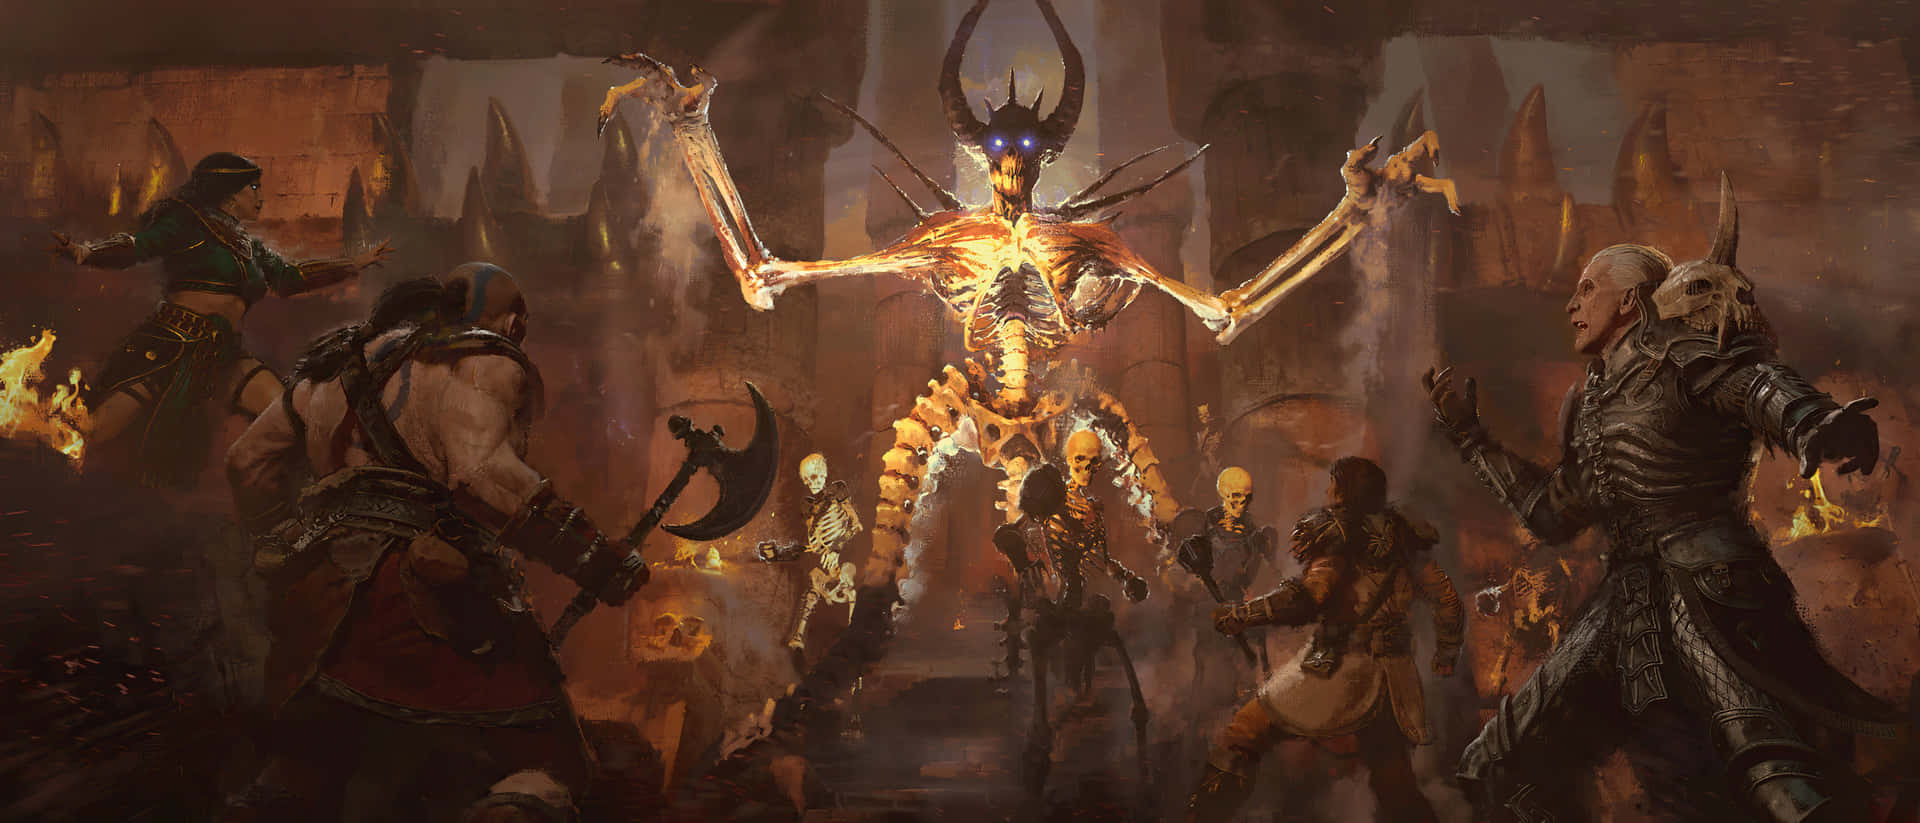 Åbn legendariske skatte med denne forbedrede genudgivelse af Diablo 2. Wallpaper
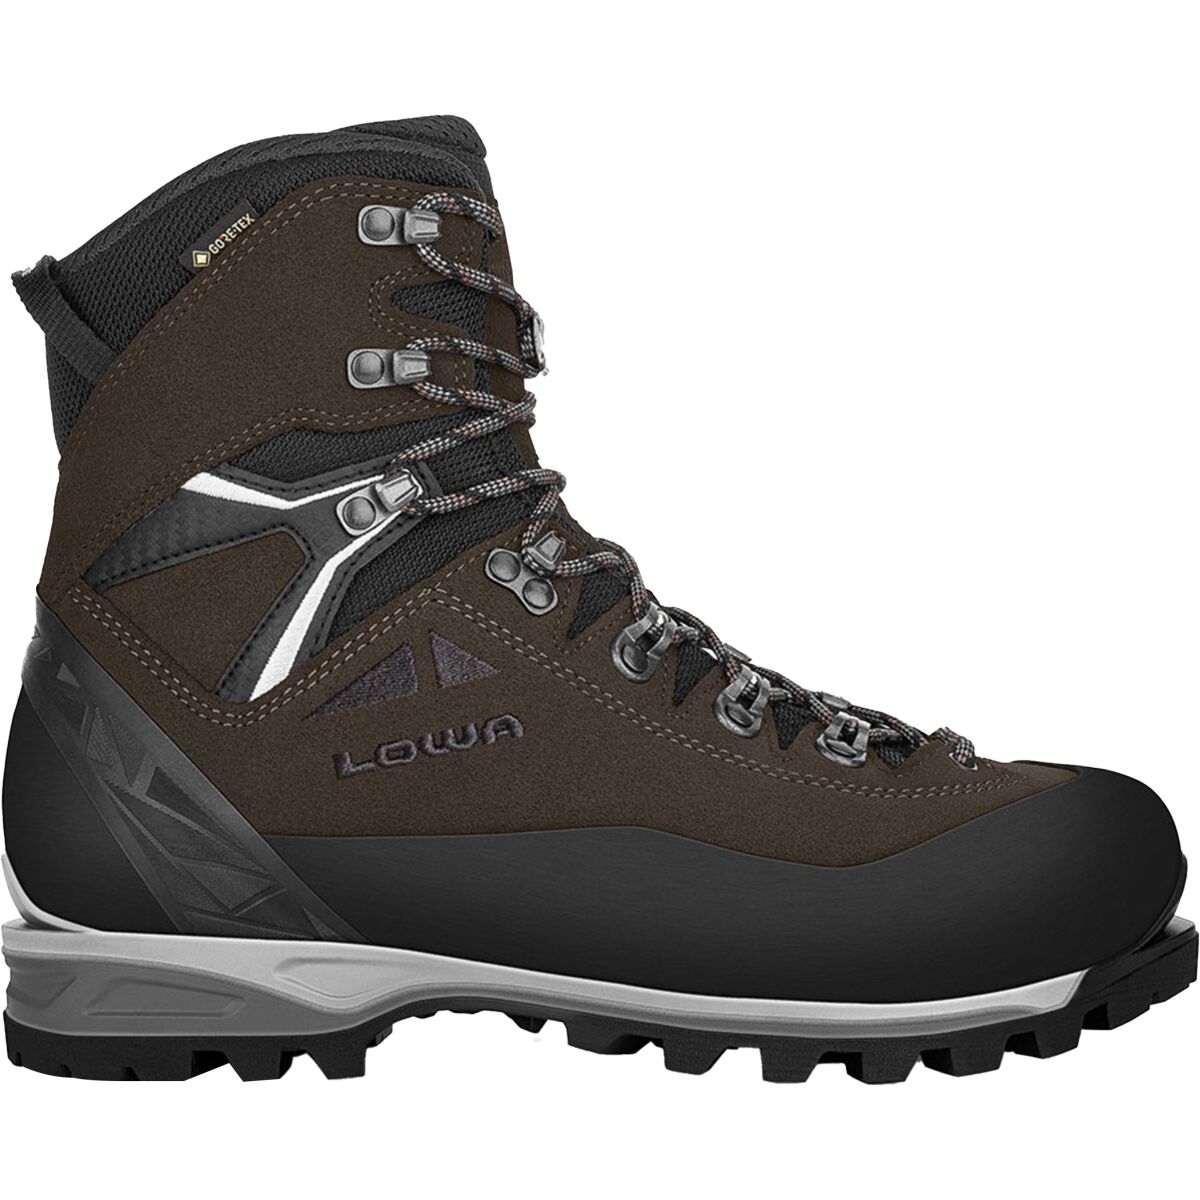 Alpine Expert II GTX Mountaineering Boot - Men
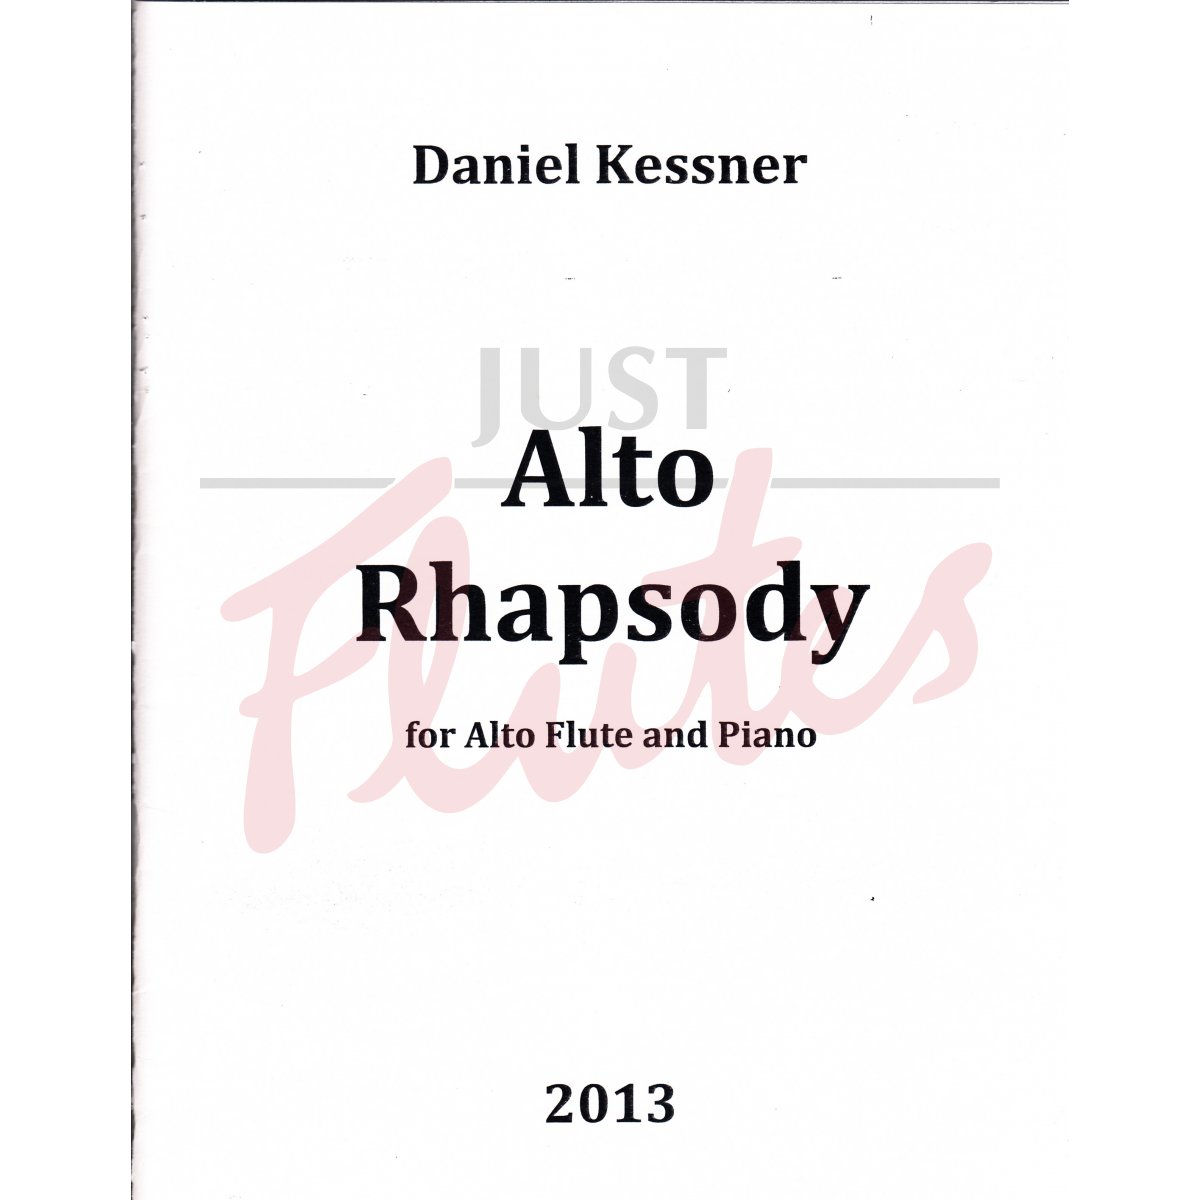 Alto Rhapsody for Alto Flute and Piano
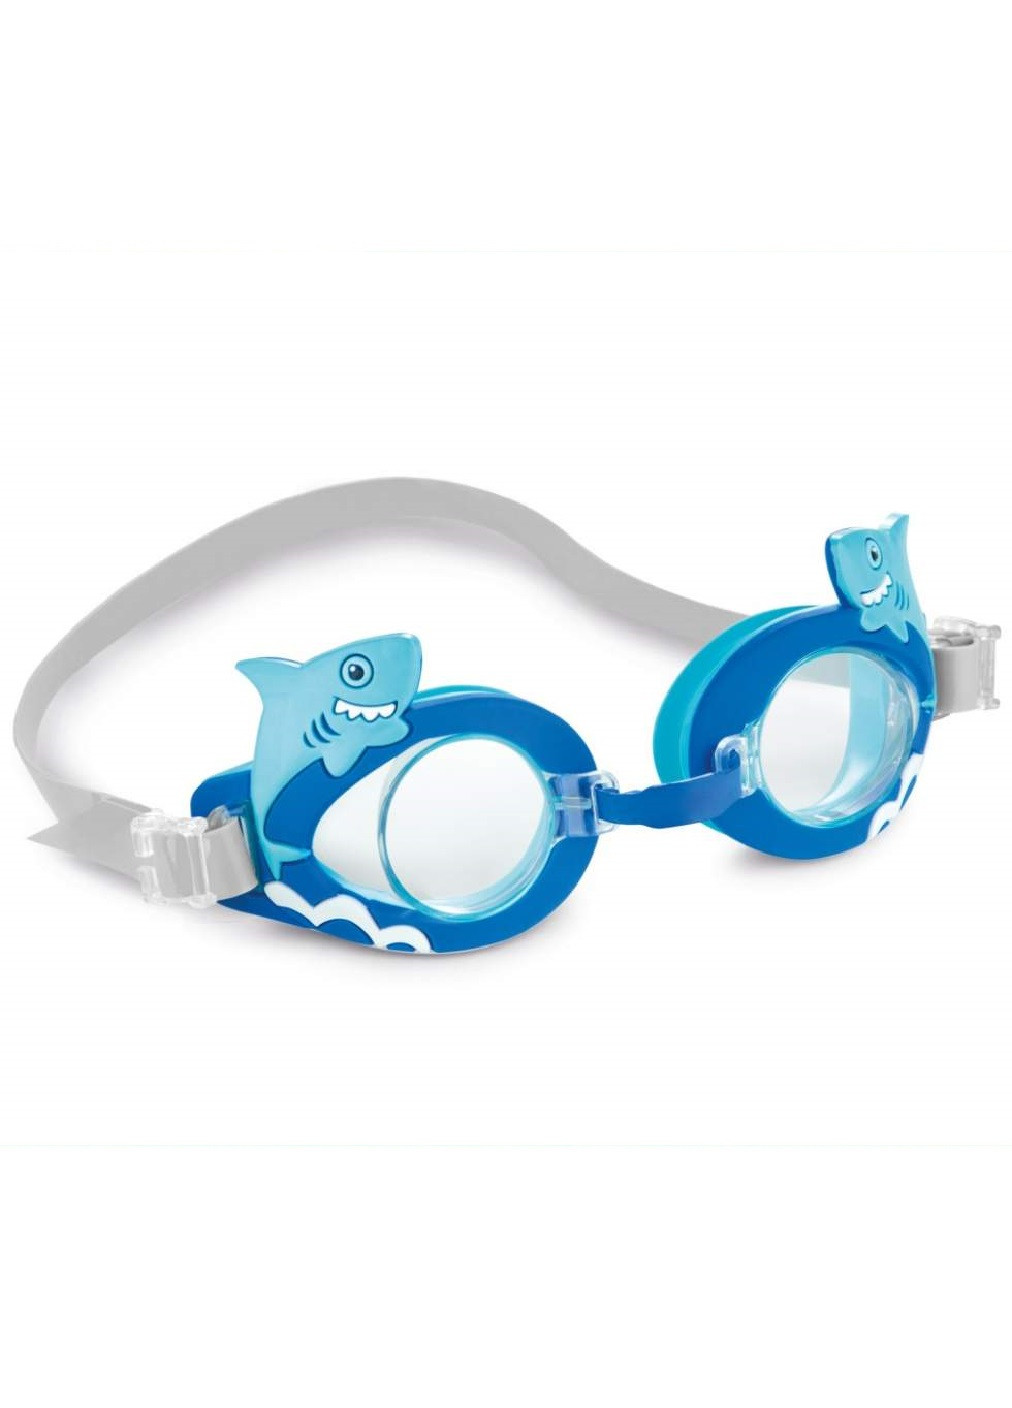 Очки для плавания детские для детей от 3 до 8 лет размер S с ярким дизайном защитой от ультрафиолета (474521-Prob) Акула Unbranded (258659151)

- What is being asked:
What is needed is an exact restatement of the lines from the line with "Alpine Expert II" through the final line of the data, pictures excluded.

- Exercise result:
 Alpine Expert II GTX Mountaineering Boot - Men
 Alto Rhapsody for Alto Flute and Piano
 Очки для плавания детские для детей от 3 до 8 лет размер S с ярким дизайном защитой от ультрафиолета (474521-Prob) Акула Unbranded (258659151)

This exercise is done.